На этот раз он вошел в комнату, не снимая шинели. Марии Андреевны не оказалось дома. В квартире было тепло и прибрано, как и прежде. На письменном столе лежал портфель сына, а на круглом он заметил швейную машину, прикрытую белым лоскутом. «Вот почему ты денег не требуешь! Портнихой сделалась!» – догадливо улыбнулся он.

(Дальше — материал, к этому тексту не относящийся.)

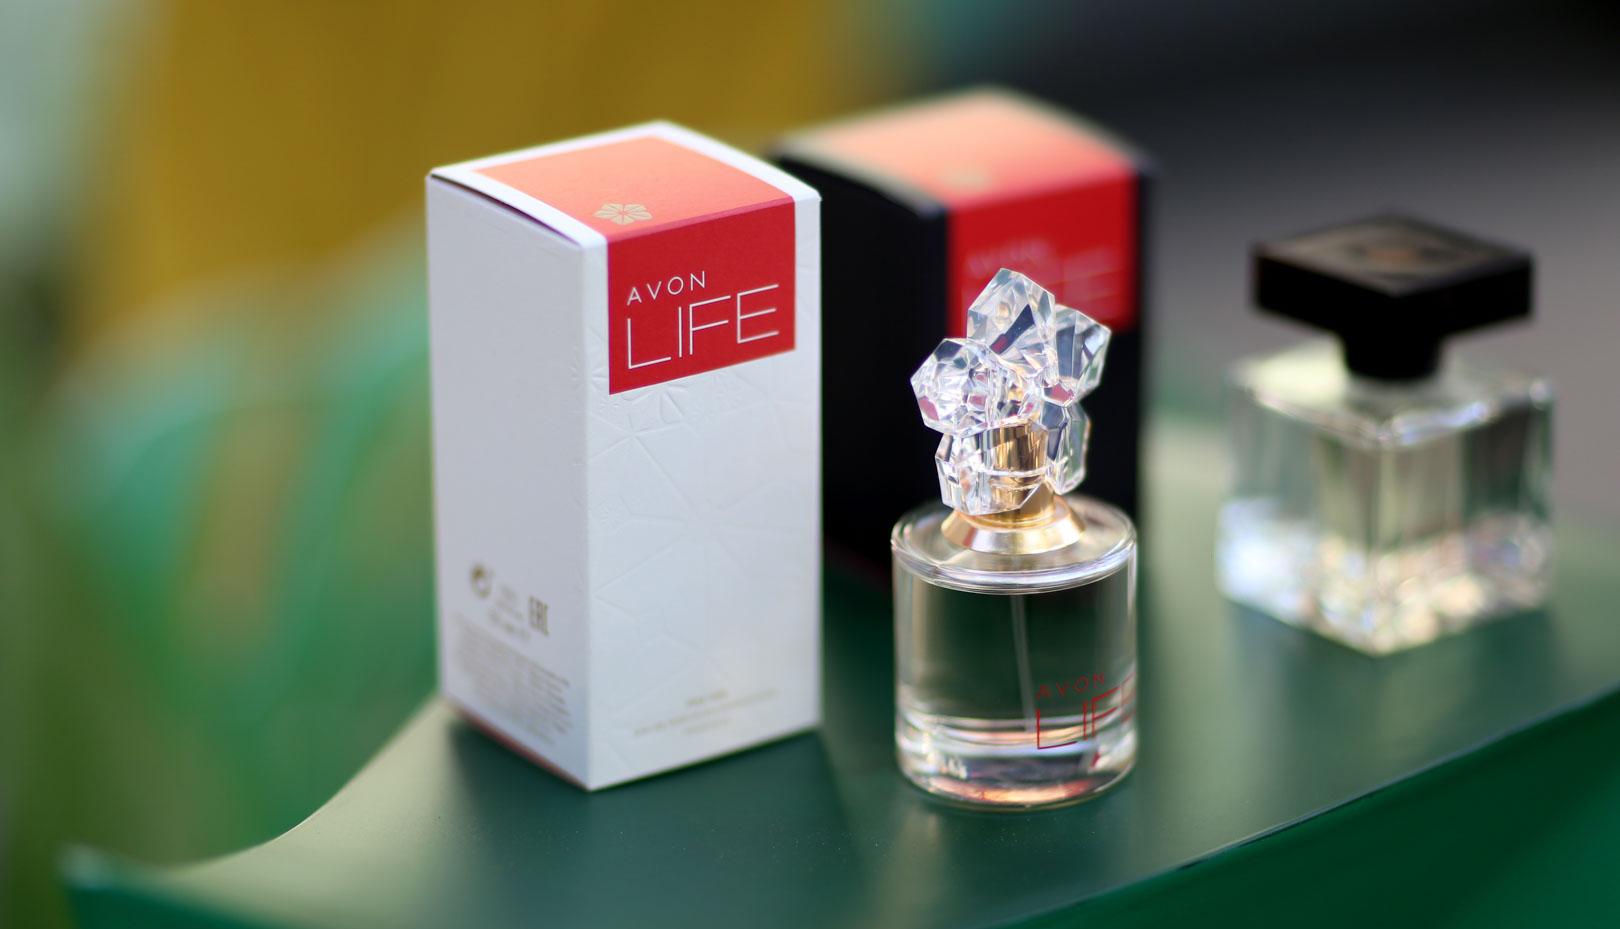 Новый аромат Avon Life с Кензо такада. эйвон лайф

Любопытство заставило его приподнять лоскут и посмотреть на работу жены. Крохотные детские распашонки разных цветов, сложенные одна к другой рукавчиками в одну сторону и перекинутые через корпус машины, заставили его отшатнуться. «Что за фокусы!»
Николаю Николаевичу стало жарко. Распахнув шинель, он закурил, а глаза так и не отрывались от недошитого детского белья.
Будто остерегаясь, что распашонки обратятся в преследователей, он поспешно вышел из комнаты, плотно прикрыв за собой дверь. В это время вошла жена.
Мария Андреевна не ждала встречи. Легкий испуг промелькнул на ее лице, но она отвернулась. Пока жена раздевалась и вешала пальто, он, почти столкнувшийся с ней при входе, теперь стоял поодаль и пристально наблюдал. В ее движениях и фигуре он заметил перемену.
Мария Андреевна прошла в комнату, Саянов последовал за ней.
Увидев раскрытую машину, Мария Андреевна вспыхнула от гнева и повернулась к мужу, который стоял в дверях:
– Ты не живешь в этой квартире и оставь ключ!
– Я, Мария Андреевна, еще хозяин этой квартиры, – возразил он мягко.
– Понимаю, – сказала она со вздохом, – но двум хозяйкам здесь все равно не жить!
– Можешь быть совершенно спокойна: вторая хозяйка на эту квартиру не претендует!
Мария Андреевна строго и холодно взглянула на мужа. Ее серьезные зеленоватые глаза сейчас так напоминали Вадика, что Саянову стало не по себе. Он вышел в кухню и снял шинель. Когда он возвращался в комнату, жена накрывала машину.
– Подожди, – он подставил руку, чтобы колпак не опустился. – Что это такое? Для кого?
– Для моего ребенка!
Она произнесла слово «моего» так, что Саянов даже отступил от нее, будто его ударили.
Краской гнева вспыхнуло лицо женщины» презрением сверкнул ее пронизывающий взгляд. Она прошла к дивану и села.
– Подумала ли ты, как будешь жить с двумя детьми? – спросил он.
– Думать об этом мне было некогда, а теперь уже поздно. Но не беспокойся, детьми удерживать тебя я не стану.
– Связать человека по рукам и ногам, и после этого… его не удерживают! Умно придумано, Мария Андреевна!
– Замолчи!
И Саянов затих. Ему хотелось узнать, нет ли каких-нибудь известий о сыне, но теперь, когда он так неосторожно рассердил жену, трудно было перейти к этой теме.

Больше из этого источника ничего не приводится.